# How to complete this task
Everything in the entries except the pictures should be copied exactly.

# Dataset content
↓↓↓

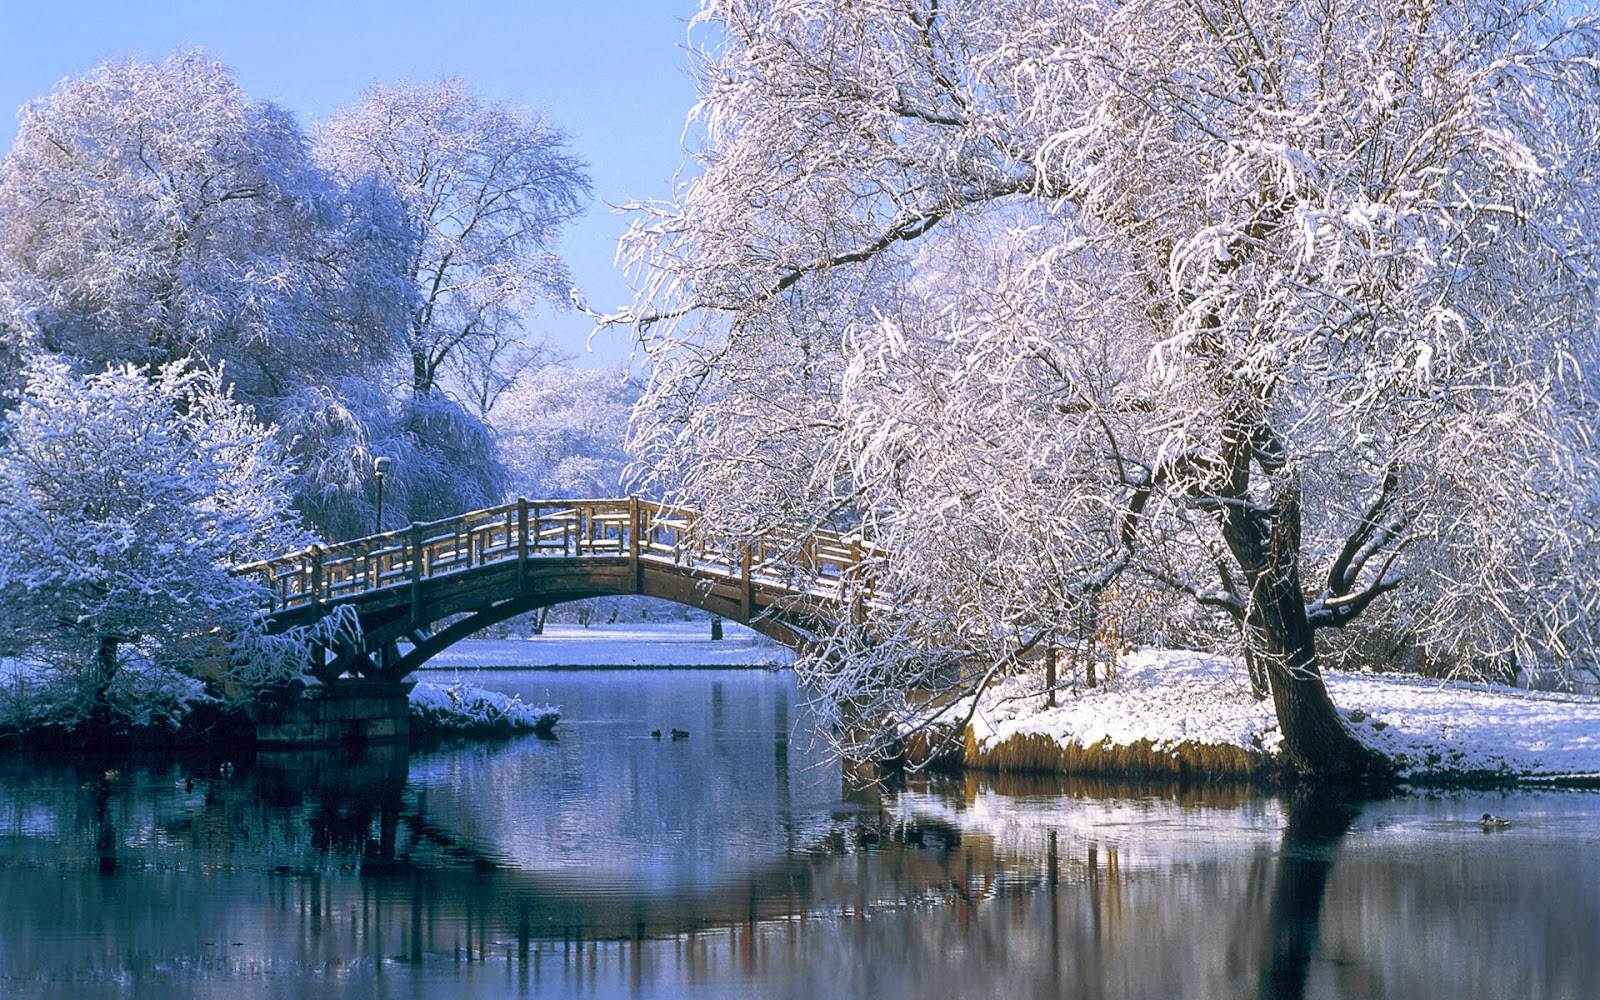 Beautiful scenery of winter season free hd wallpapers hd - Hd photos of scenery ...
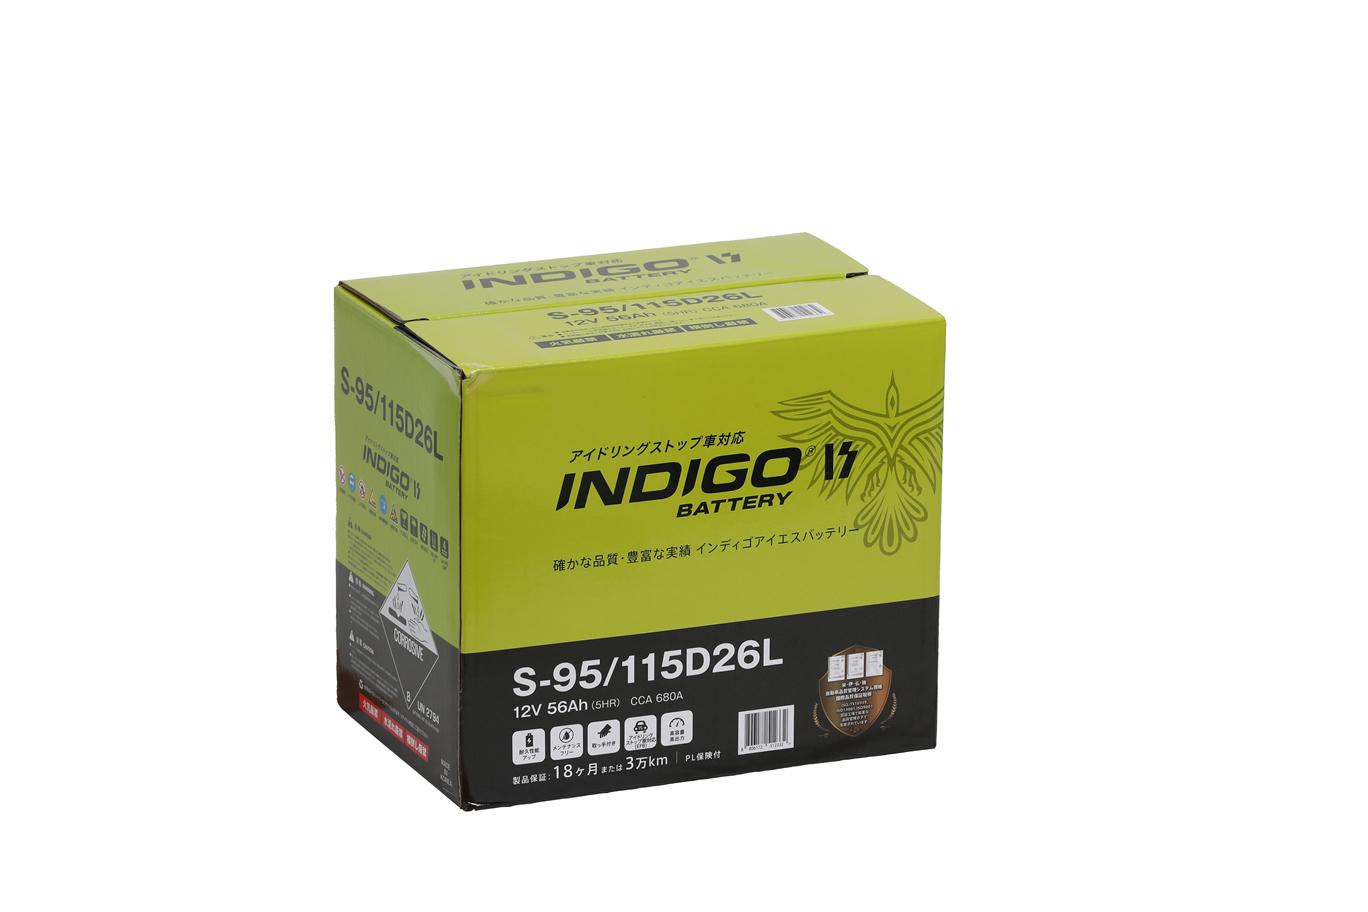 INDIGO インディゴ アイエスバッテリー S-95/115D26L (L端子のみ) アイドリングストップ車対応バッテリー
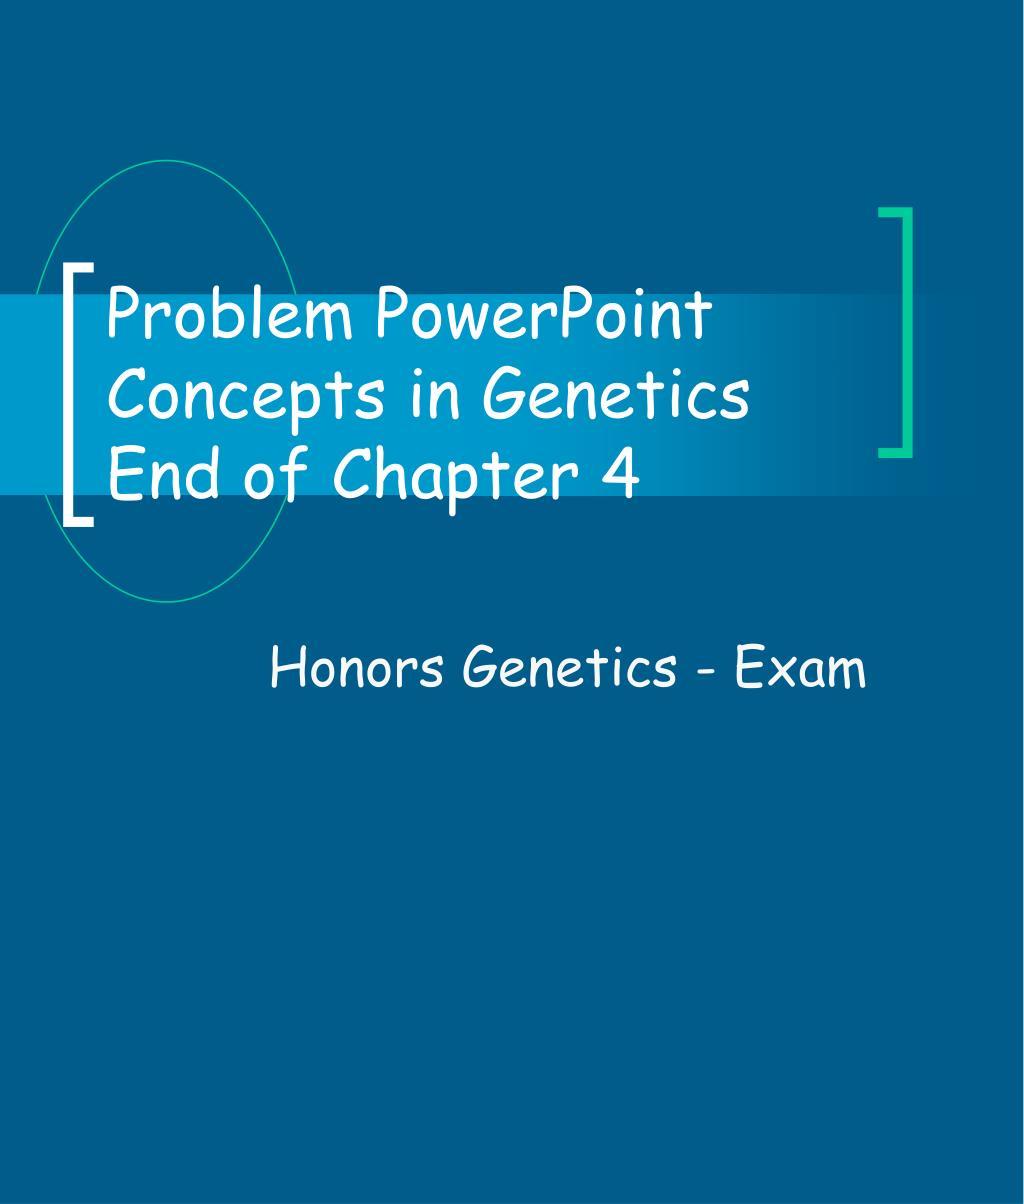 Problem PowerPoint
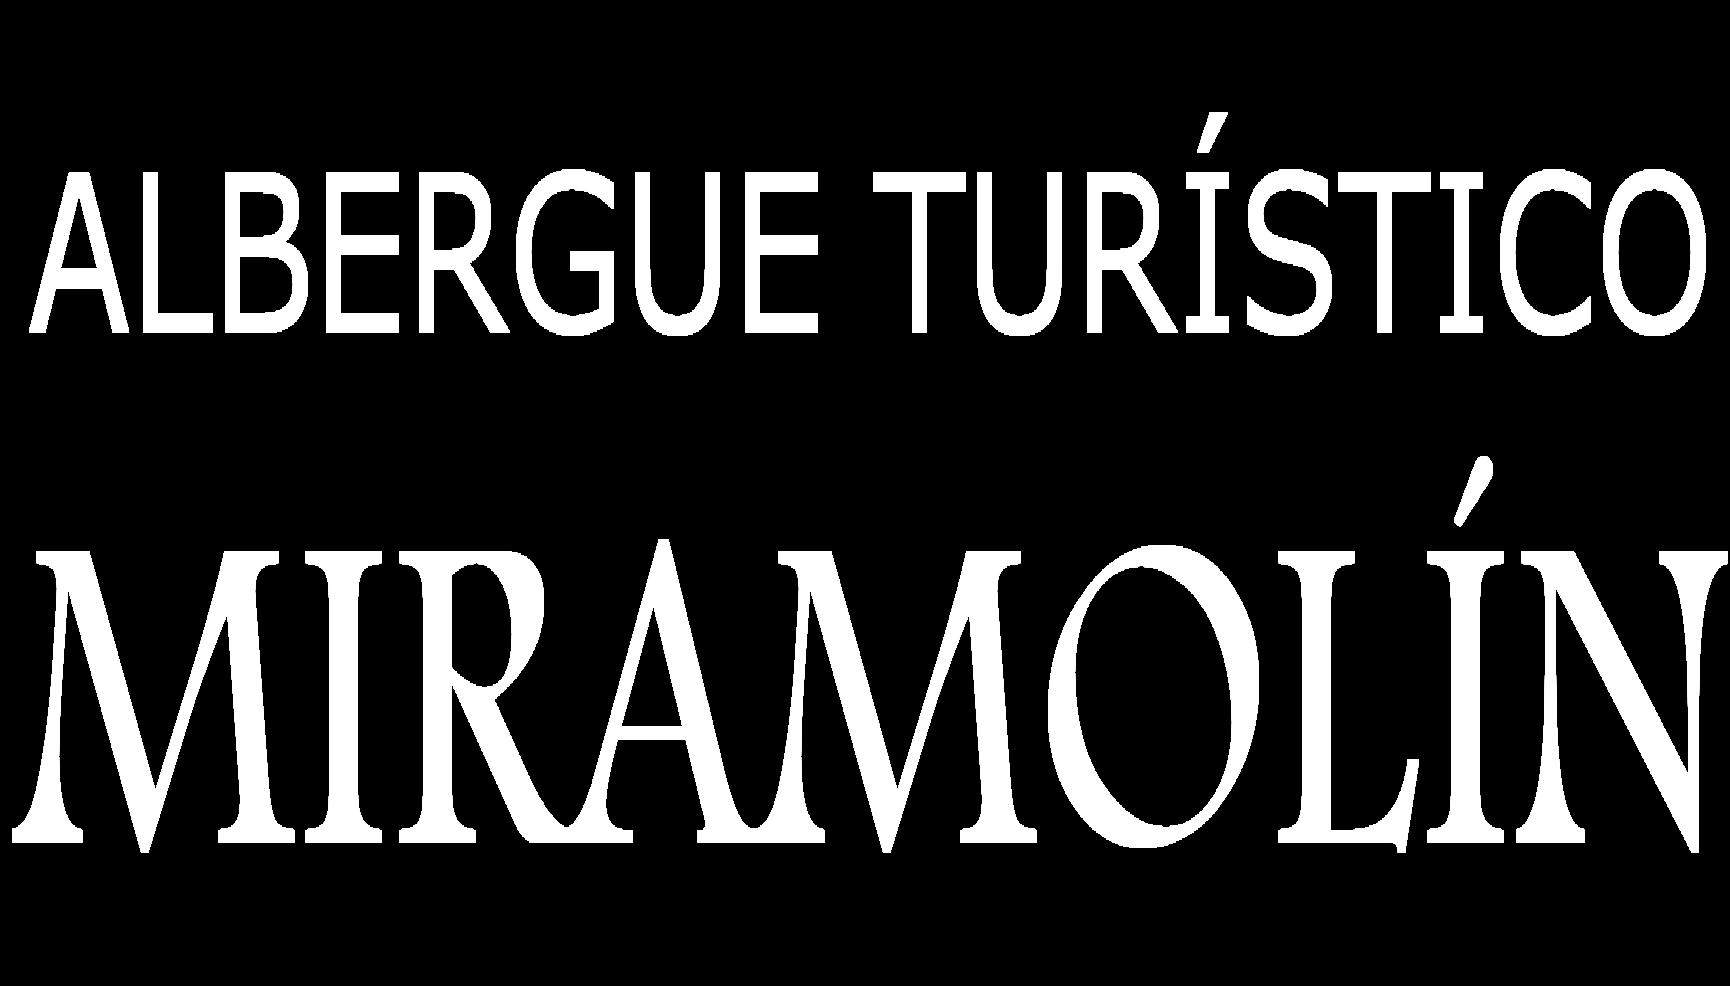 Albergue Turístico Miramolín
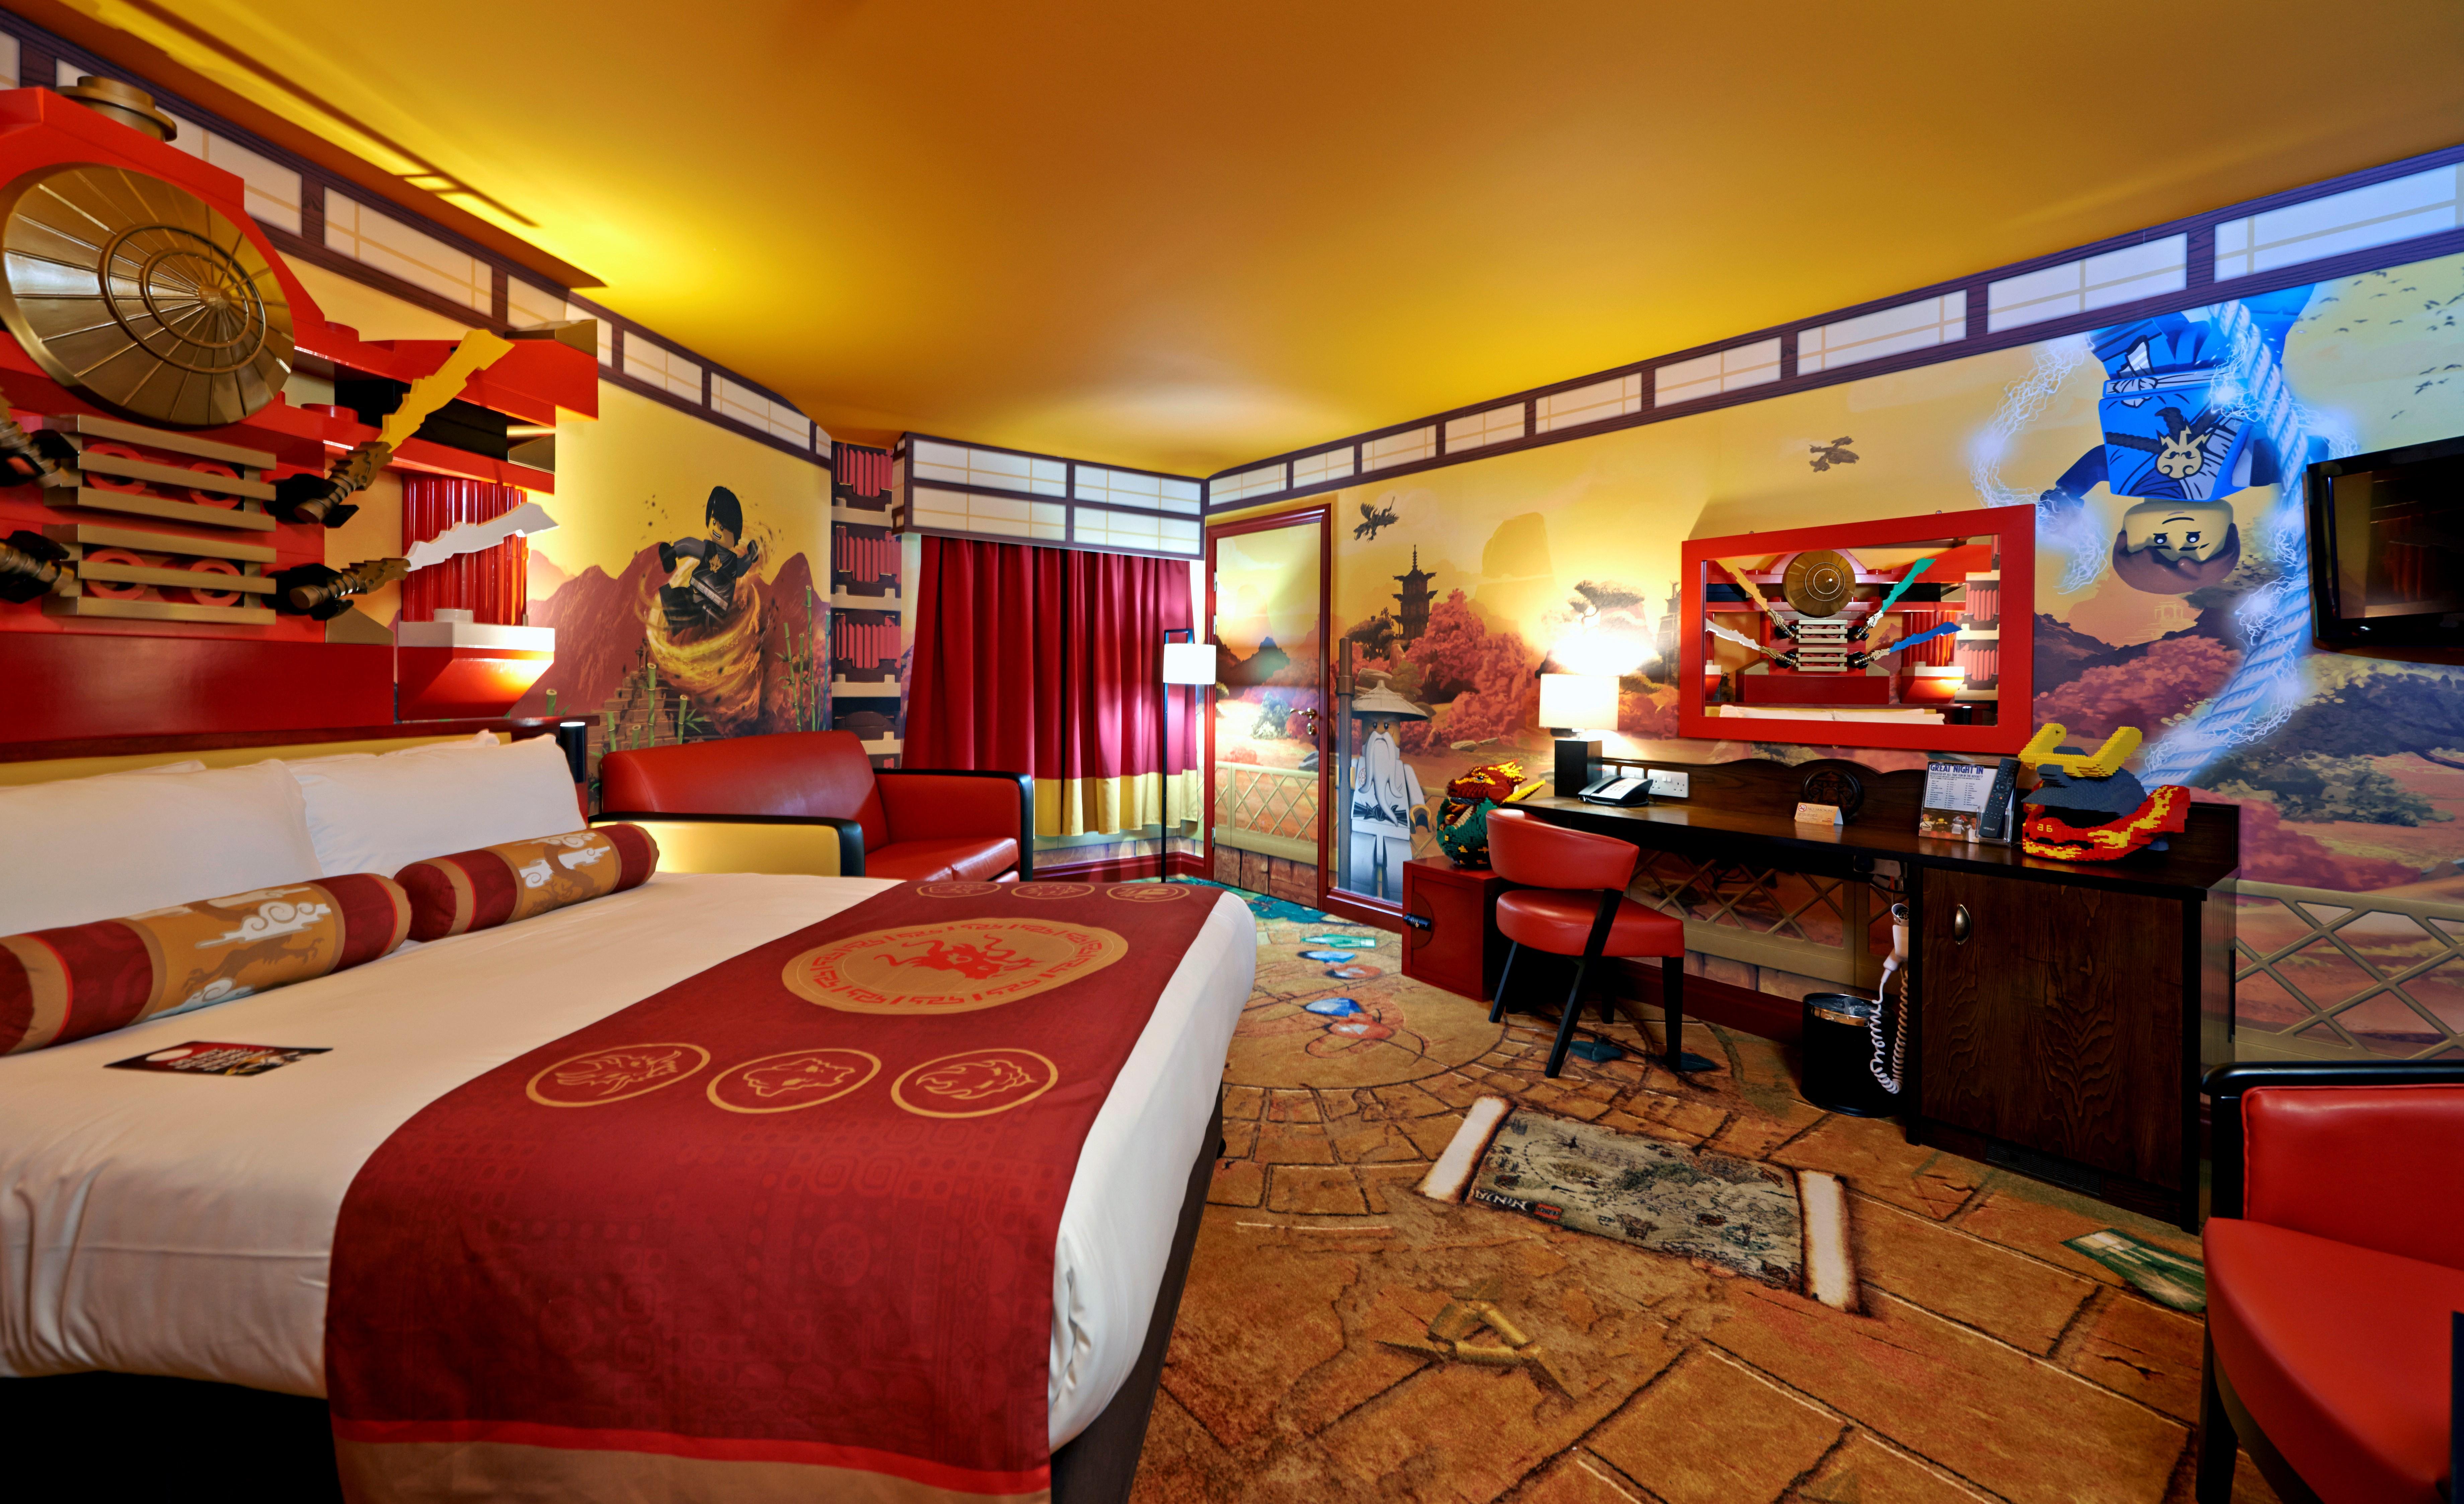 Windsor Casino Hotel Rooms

↑↑↑

# Answer to this problem
 Beautiful scenery of winter season free hd wallpapers hd - Hd photos of scenery ...
 INDIGO インディゴ アイエスバッテリー S-95/115D26L (L端子のみ) アイドリングストップ車対応バッテリー
 Problem PowerPoint
 Albergue Turístico Miramolín
 Windsor Casino Hotel Rooms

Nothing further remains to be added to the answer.